SECTION 6.8. DELAY OR OMISSION NOT WAIVER. No delay or omission of the
Trustee or of any Holder of any Subordinated Securities to exercise any right or
remedy accruing upon any Event of Default shall impair any such right or remedy
or constitute a waiver of any such Event of Default or an acquiescence therein.
Subject to the provisions of Section 6.6, every right and remedy given by this
Article Six or by law to the Trustee or to the Holders may be exercised from
time to time, and as often as may be deemed expedient, by the Trustee or by the
Holders, as the case may be.
SECTION 6.9. CONTROL BY HOLDERS; WAIVER OF PAST DEFAULTS. The Holders
of a majority in principal amount of the Subordinated Securities of all Series
(voting as one class) at the time Outstanding (determined as provided in Section
8.4) shall have the right to direct the time, method and place of conducting any
proceeding for any remedy available to the Trustee, or exercising any trust or
power conferred on the Trustee; PROVIDED, HOWEVER, that, subject to Section 7.1,
the Trustee shall have the right to decline to follow any such direction if the
Trustee in reliance upon an Opinion of Counsel determines that the action so
directed may not lawfully be taken, or if the Trustee in good faith shall, by a
Responsible Officer or Officers of the Trustee, determine that the proceedings
so directed would be illegal or involve it in personal liability or be unduly
prejudicial to the rights of Holders not parties to such direction, and provided
further that nothing in this Subordinated Indenture shall impair the right of
the Trustee to take any action deemed proper by the Trustee and which is not
inconsistent with such direction by the Holders.

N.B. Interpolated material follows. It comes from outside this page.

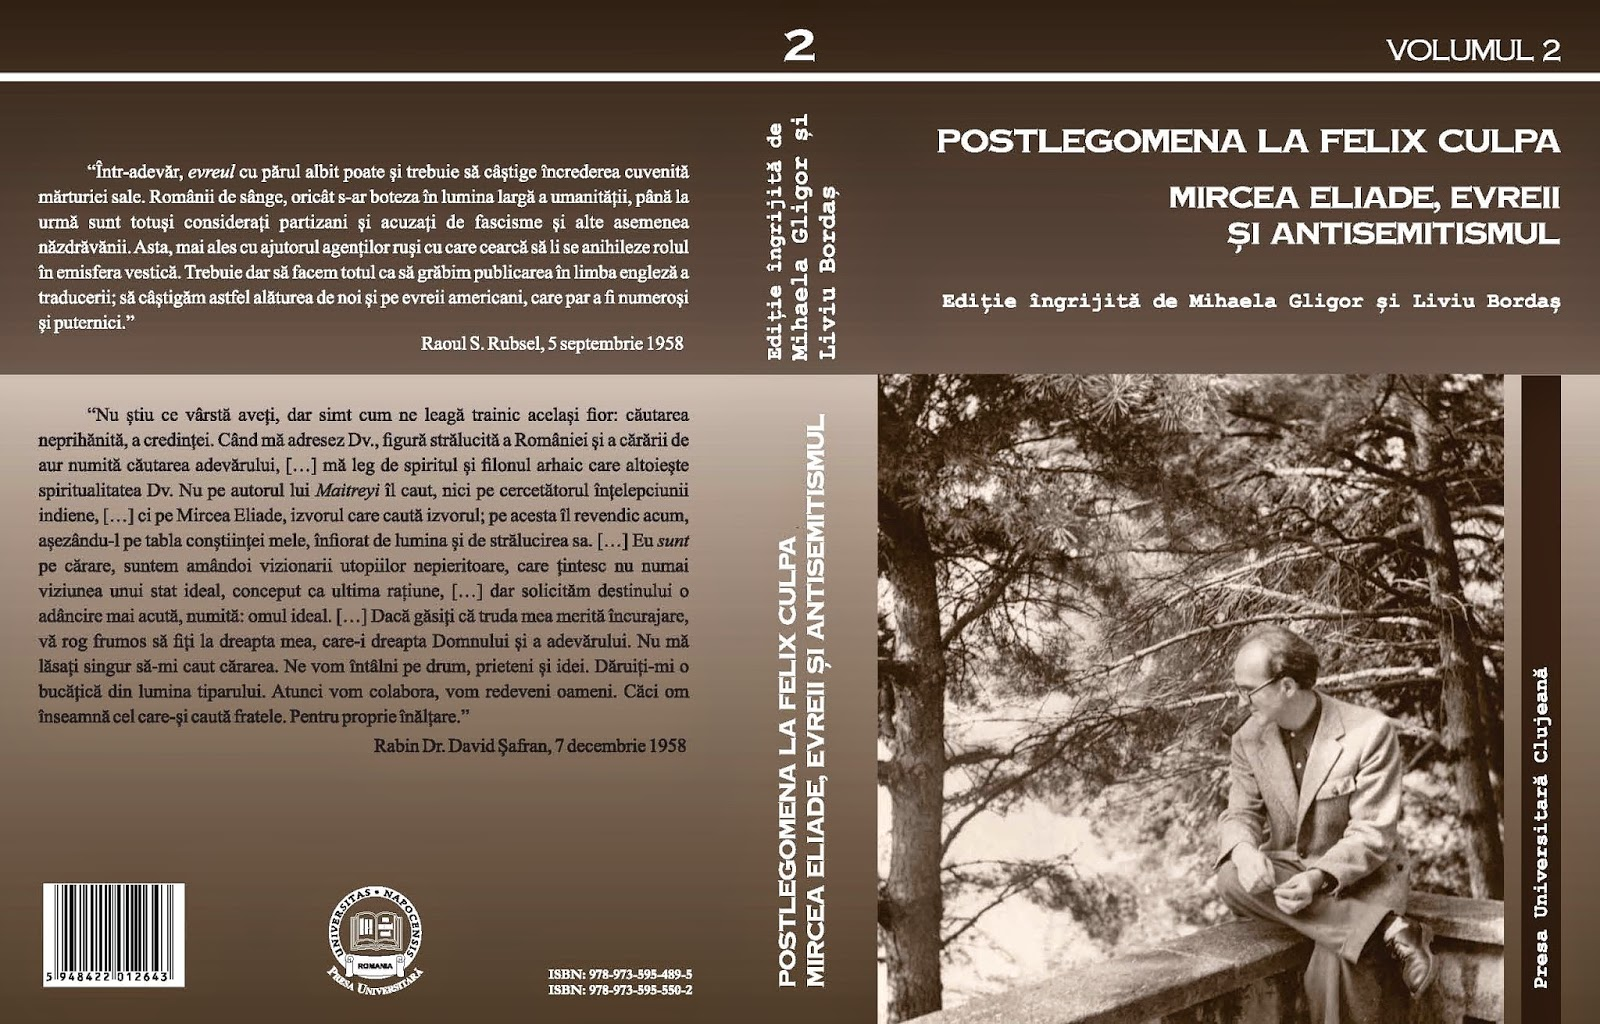 "Postlegomena la ""felix culpa"". Mircea Eliade, evreii şi antisemitismul vol. 2"

The Corporation may set a special record date for purposes of
determining the identity of the Holders of Subordinated Securities entitled to
vote or consent to any action by vote or consent authorized or permitted by this
Section 6.9. Such record date shall be the later of 15 days prior to the first
solicitation of such consent or the date of the most recent list of Holders
furnished to the Trustee pursuant to Section 5.1 of this Subordinated Indenture
prior to such solicitation.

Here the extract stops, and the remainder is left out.